- WHAT IS NEEDED
Pictures in the data must not be copied, but everything else should be output exactly.

- SOURCE DATA

-------

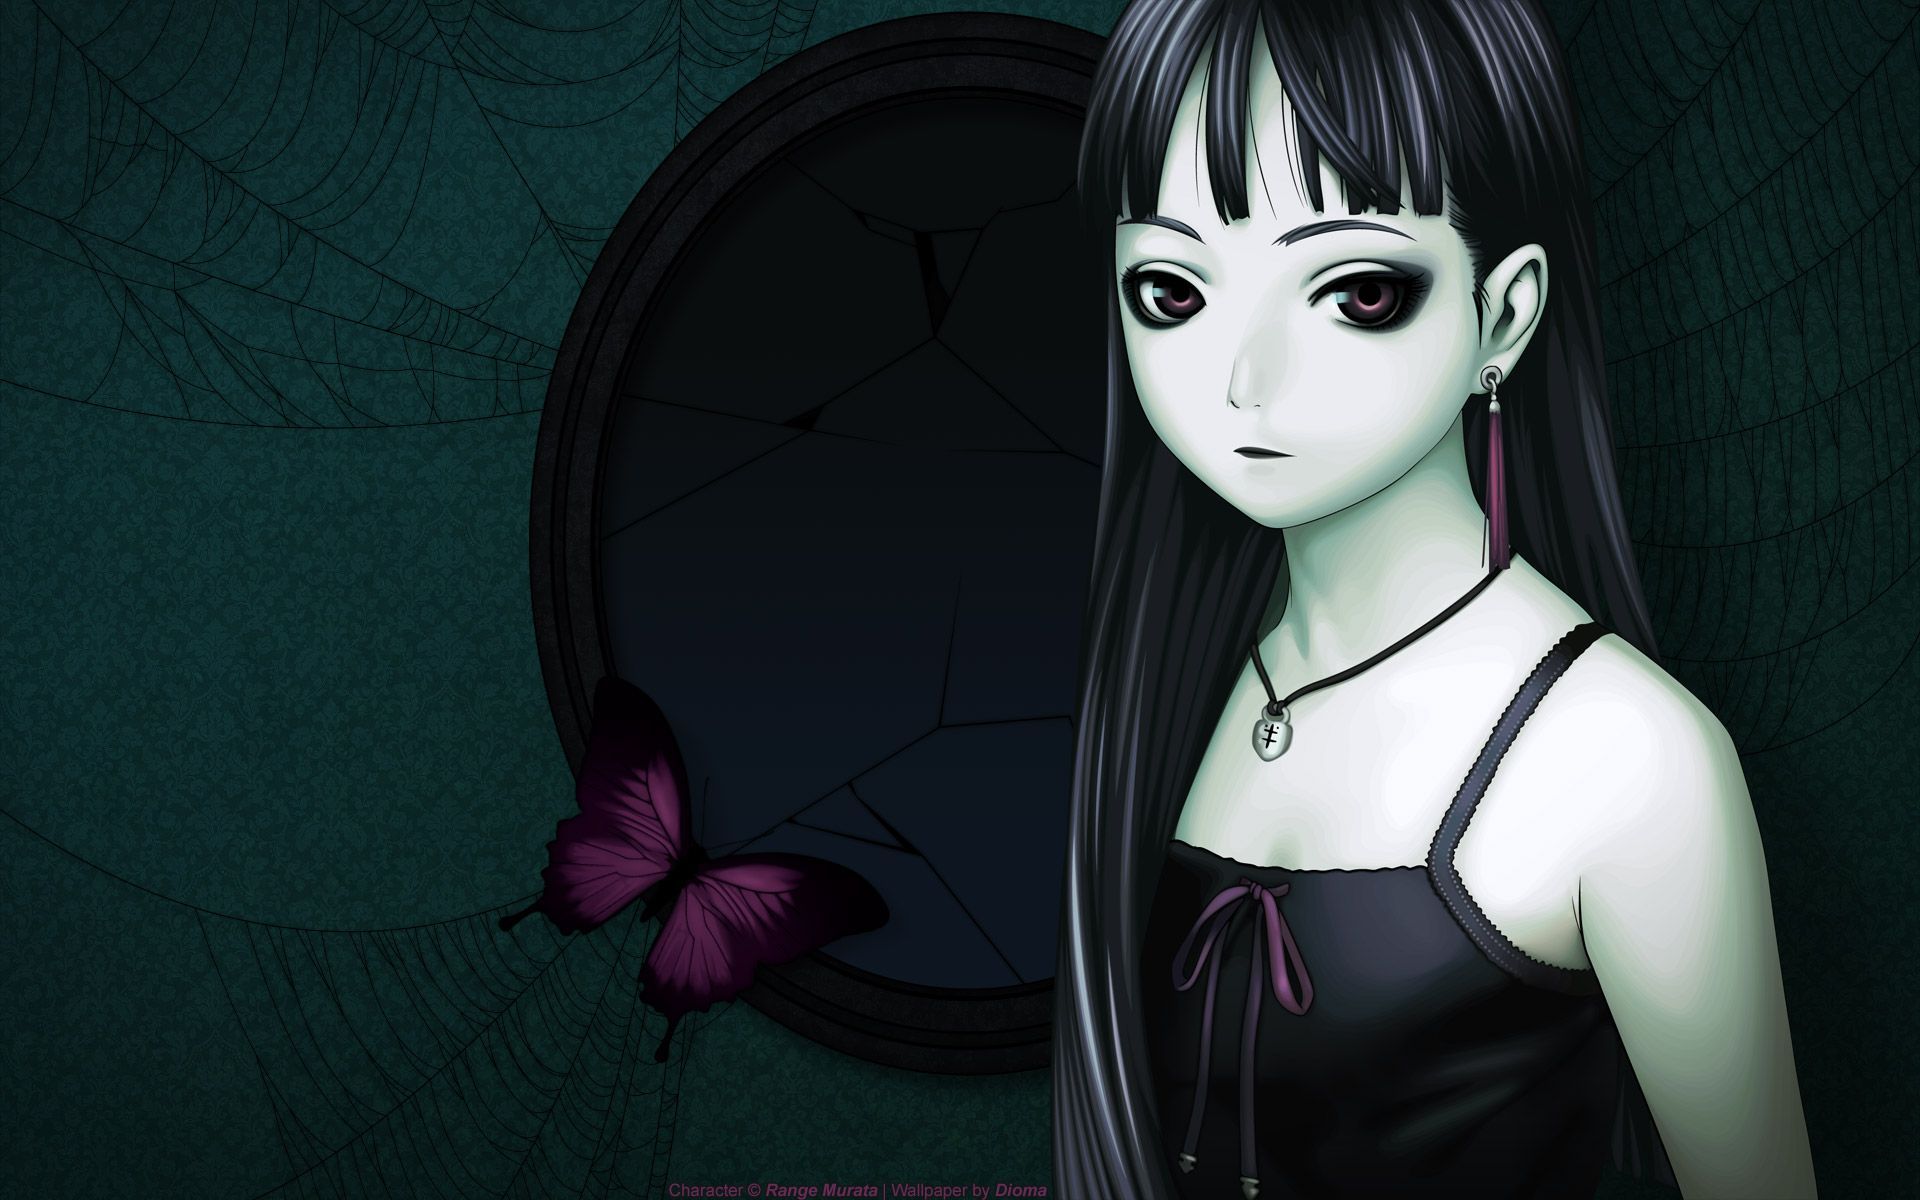 Download Anime Goth Girl Wallpaper 1920x1200. Full HD Background
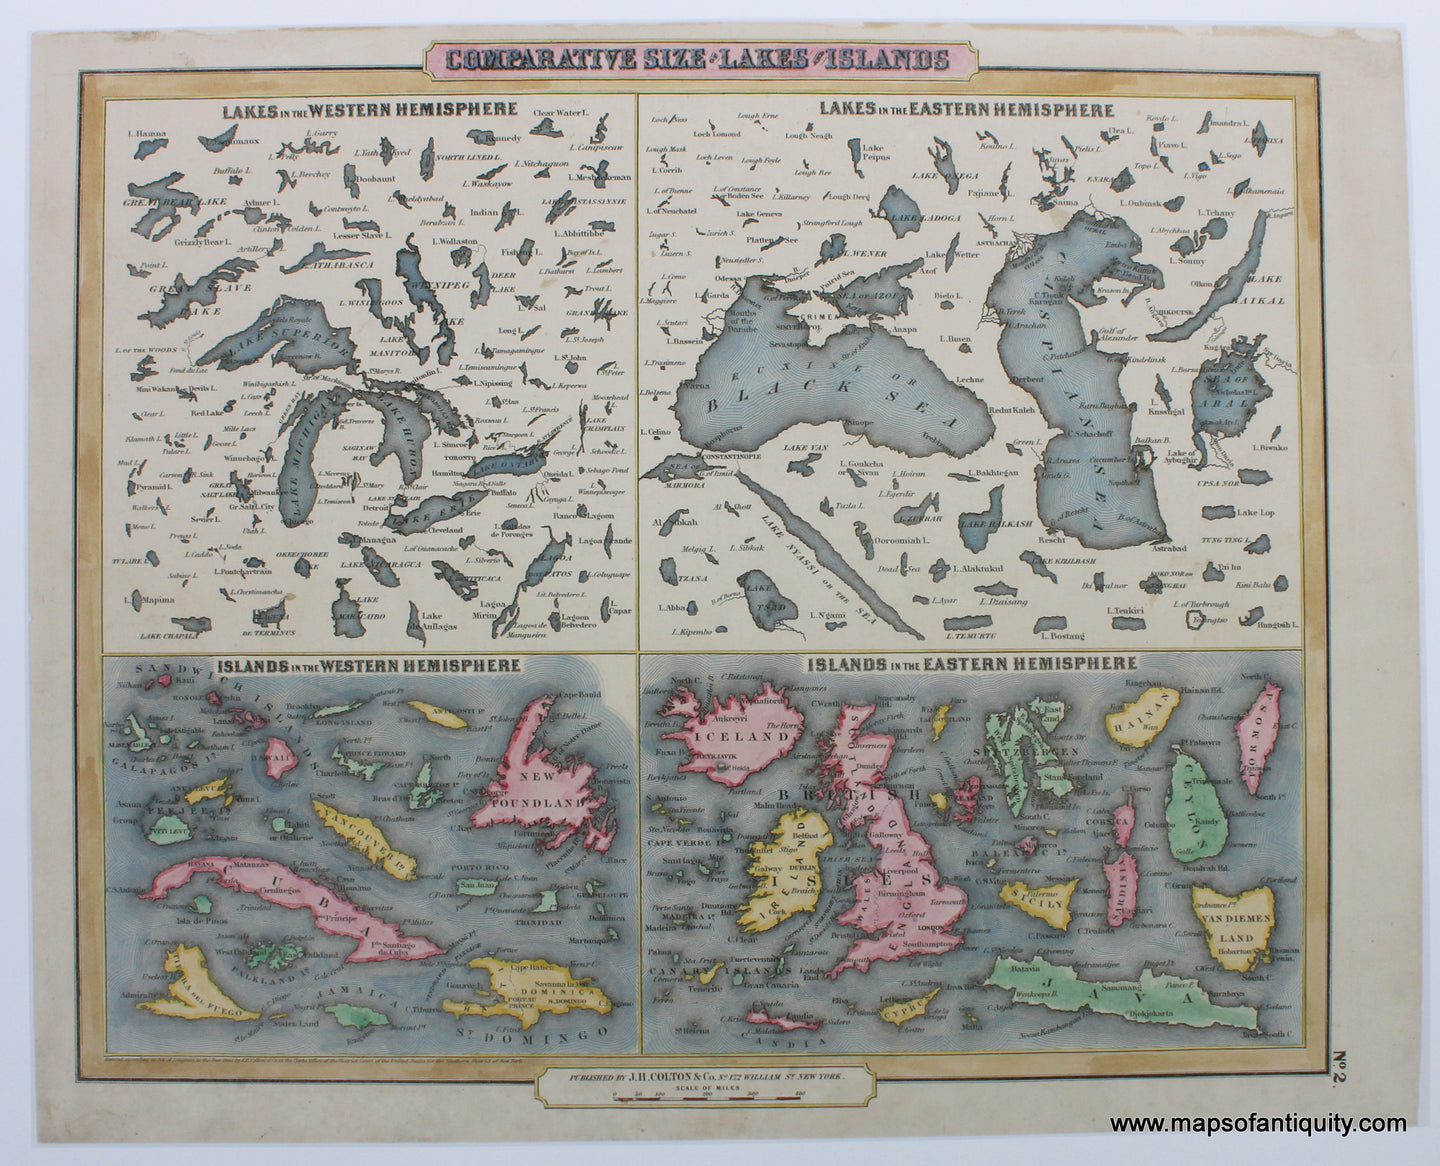 Reproduction-Comparative-Size-of-Lakes-and-Islands---Reproduction-Reproductions--1855-Reproduction-Maps-Of-Antiquity
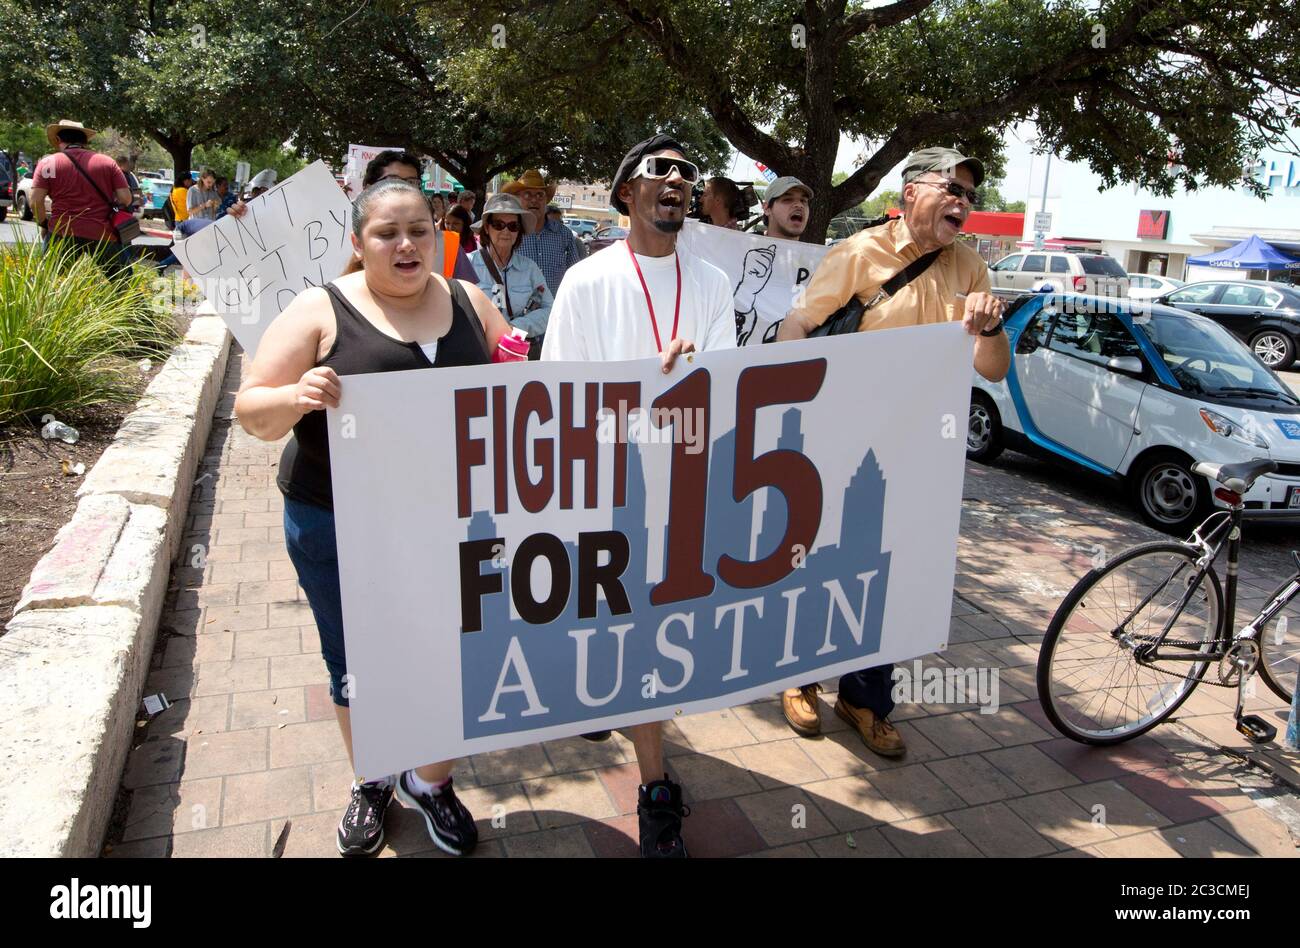 August 29, 2013 Austin, Texas USA: Fast-food workers and sympathizers protest  low wages for people working for low wages at restaurants. Workers and organizers across the country are asking for $15 an hour, an increase from the $7.25 on average they currently make. © Marjorie Kamys Cotera/ Daemmrich Photography Stock Photo

-------

- SOLUTION TO THIS TASK
 Download Anime Goth Girl Wallpaper 1920x1200. Full HD Background
 Reproduction-Comparative-Size-of-Lakes-and-Islands---Reproduction-Reproductions--1855-Reproduction-Maps-Of-Antiquity
 August 29, 2013 Austin, Texas USA: Fast-food workers and sympathizers protest  low wages for people working for low wages at restaurants. Workers and organizers across the country are asking for $15 an hour, an increase from the $7.25 on average they currently make. © Marjorie Kamys Cotera/ Daemmrich Photography Stock Photo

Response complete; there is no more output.